Kann mir denn keiner weiterhelfen?


----------



## MTB-News.de




----------



## Radon-Bikes (24. Juni 2011)

Wie ist denn jetzt der aktuelle Stand?


----------



## mustinet1900 (24. Juni 2011)

also der aktuelle Stand sieht jetzt so aus das ich das LAger ausgebaut und den Spacer entfernt habe.

Habe dann LAger wieder eingebaut und Kettenlinie beträgt jetzt genau 50mm.
Die Kette verläuft auf mittlerem Kettenblatt und Ritzel auch gerade.
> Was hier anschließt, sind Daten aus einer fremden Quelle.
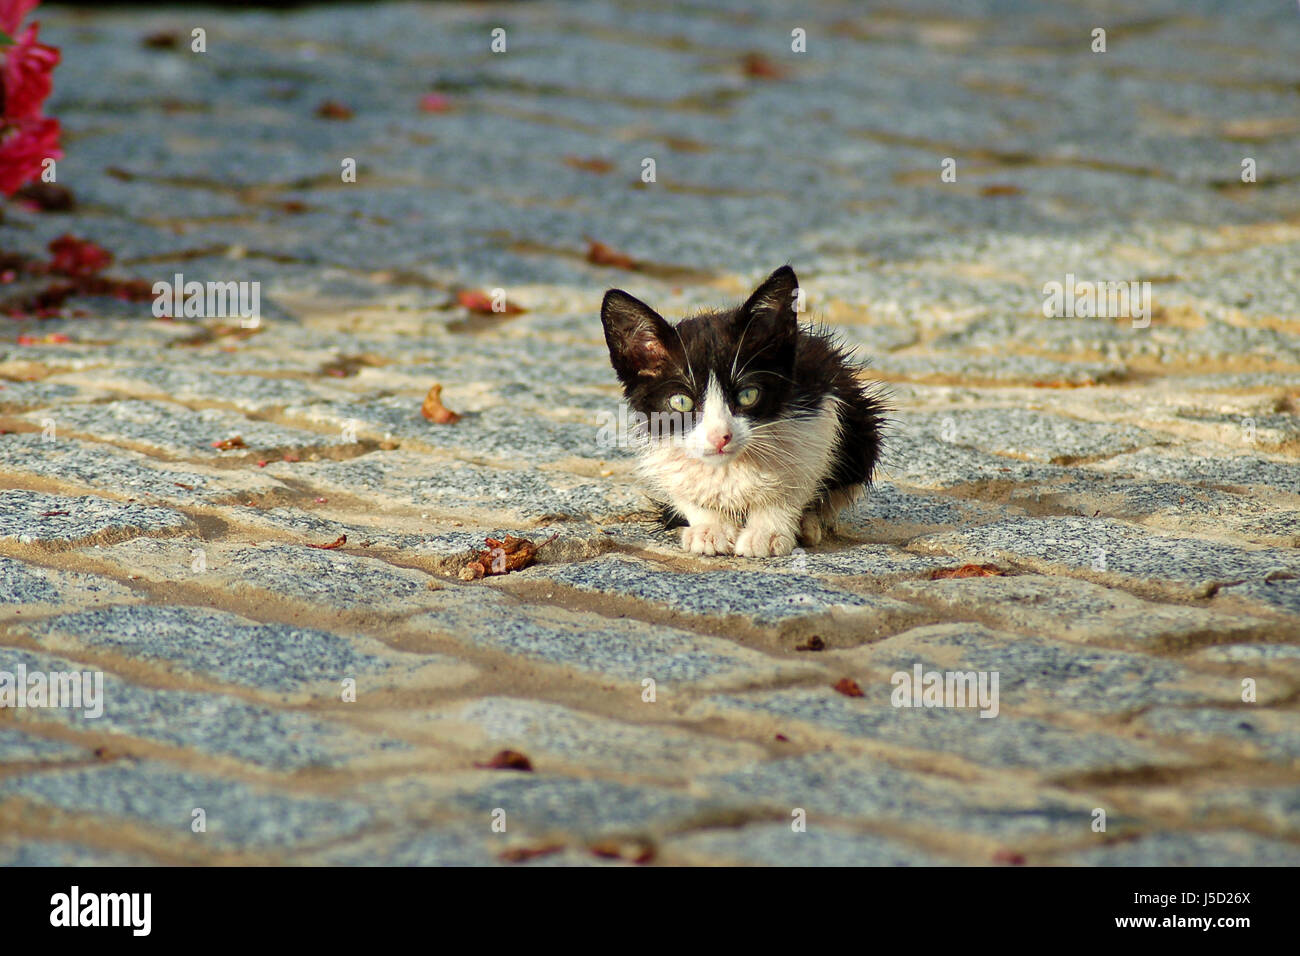 animal lost spain small tiny little short yard animal protection mosque Stock Photo

Werde heute Abend versuchen den Umwerfer einzustellen.
Wenns klappt dann ist alles richtig.

Ich hatte davor eine leicht gekrümmte Kettenlinie und obwohl ich das Schaltwerk ganz genau eingestellt hatte und das ober Leitröllchen immer unter dem Ritzel verlief konnte es nicht sauber schalten.
Meinst du das hat auch was mit der Kettenlinie zu tun das sie nicht gerde verläuft ?


----------



## Radon-Bikes (24. Juni 2011)

Auf den Bildern sah es zumindest so aus, dass das PF Lager auf der rechten Seite nicht vollständig eingepresst war...bei richtiger Montage machen die PF Lager bei uns nämlich gar keine Probleme, sie werden ja inzwischen bei einigen Modellen verbaut und das auch in jedem Einsatzbereich.
Halt uns mal auf dem Laufenden, ob es jetzt hinhaut...

RADON Team


----------



## mustinet1900 (24. Juni 2011)

also das pf stand wegen dem 2,5 mm Spacer etwas weiter raus.
Jetzt ohne Spacer passen beide Seiten richtig rein.

Werd mich melden wenns jetzt hinhaut

danke


----------